Squeeze – 21 October 2015 – live at The Sage, Gateshead

Squeeze – 21 October 2015 – live at The Sage, Gateshead

“Squeeze, the enduring British pop act whose songs have tenderly and wittily chronicled life and love stretching across four decades, are to play an extensive UK tour in the autumn – their first, as a band, for three years.

As well as a vast catalogue including hits such as Cools For Cats, Up The Junction and Tempted, it will include songs from forthcoming album From The Cradle To The Grave, which marks their first collection of new tracks since 1998.

Squeeze have long been a captivating live act with an array of chart hits – which also includes the likes of Take Me I’m Yours, Slap And Tickle and Pulling Mussels (From The Shell) – but for this tour there is a further treat with new tracks which will appear on From The Cradle To The Grave.

Support on the tour will come from poet and punk godfather Dr John Cooper Clarke, the bard of Salford.”

2015-10-21  Gateshead

Review
Here’s a review from Geoff Scott:
http://nemm.org.uk/magazine/popular/popular-gig-reviews/squeeze-sage-gateshead-21-10-15/

“Chris Difford and Glenn Tilbrook have been writing and performing together for over 40 years, albeit with the odd split thrown in for good measure. In November last year, they toured for the first time in 20 years, and they put on a pretty unique show at the Tyne Theatre. The curtain went up to reveal a 1970’s bedroom, with the two of them doing a Morecambe and Wise, except they didn’t stay in bed together to crack jokes, but slowly got up, made the bed, then started singing in their PJ’s – all rather surreal. There followed plenty of chat and a Q & A with the audience, sprinkled amongst their numerous hits, many of which you’d be forgiven for forgetting they’d had.

Spring forward almost a year, and the show at Sage Gateshead was a very different affair – this was the two of them again, but this time with the four other excellent musicians who now make up Squeeze, and a proper concert ensued, without the 1970’s props.

They kicked off with one of their classic old hits – ‘Hourglass’ – and for the first minute or so I thought Glenn’s voice sounded decidedly dodgy.

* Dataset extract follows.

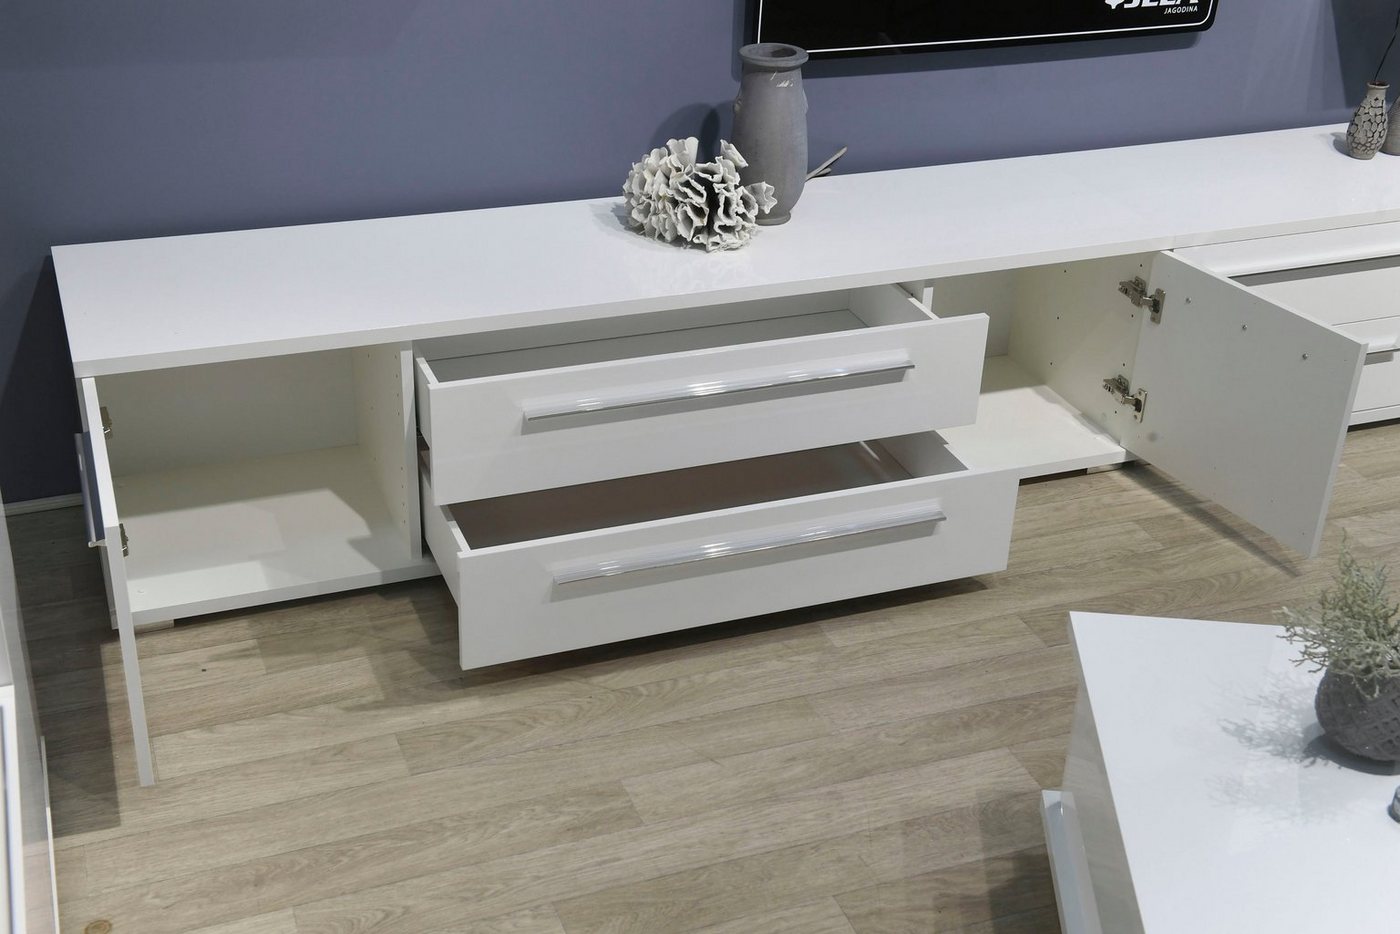 Places of Style TV-Board Piano, Hochglanz UV lackiert, mit Soft-Close-Funktion von Places of Style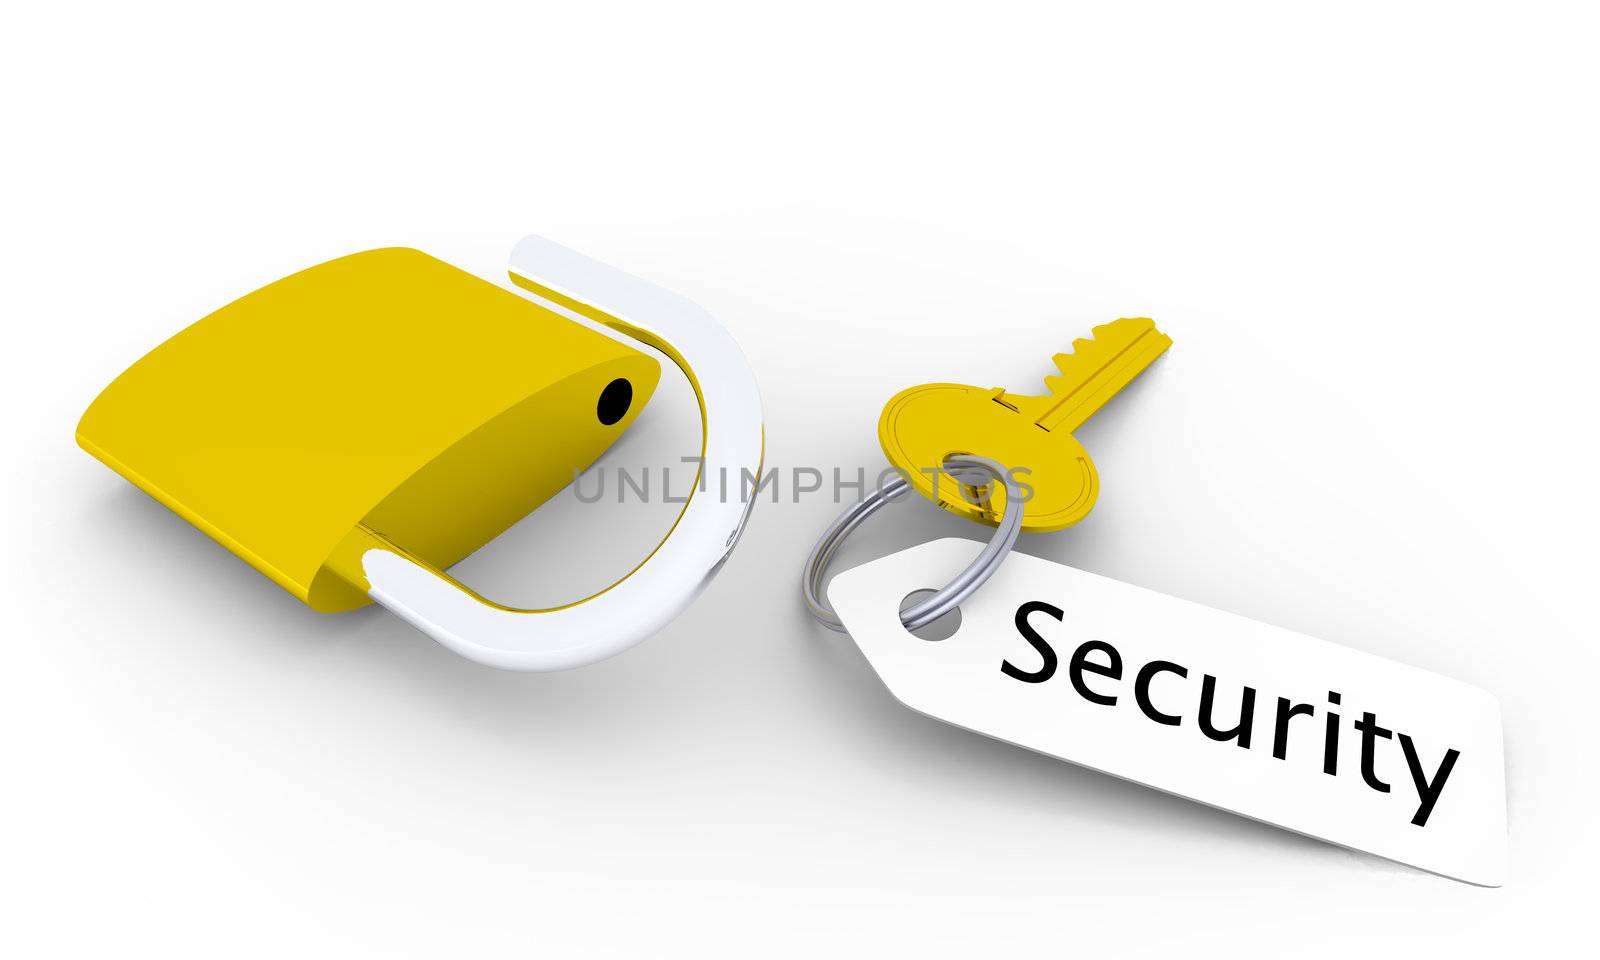 Security key by Harvepino

Thankfully, it was just a case of warming up the vocal chords, and he was back on form by the end of the song, and they followed it with two more of the old numbers everyone had come to hear – ‘Is That Love?’ and ‘Another Nail In My Heart’.

Videos played behind the band with every song – some were really good, such as pictures of Chris and Glenn at school 49 years ago, together with drawings and doodles they had penned, during ’Labelled With Love’.

The one I enjoyed most though coincided with one of my favourite Squeeze songs, ‘Coffee In Bed’. It was a simple, sensuous, beautiful film of a woman’s left eye, from very close up, so literally all you could see was the left side of the top of her nose, her rich brown eye and the lashes, slowly and occasionally blinking, in between sadly staring straight ahead.

The band was very tight, and very versatile – there were an incredible number of different instruments played throughout the set, including pedal steel, accordion, mandolin and double bass, often with band members switching within songs. Stephen Large was excellent on various things, but notably so on a melodica – no, I didn’t know what it was either until I researched it after the show….it has a keyboard on top, and is played by blowing air through a mouthpiece that fits into a hole in the side of the instrument. It made a lovely different sort of sound which is hard to describe.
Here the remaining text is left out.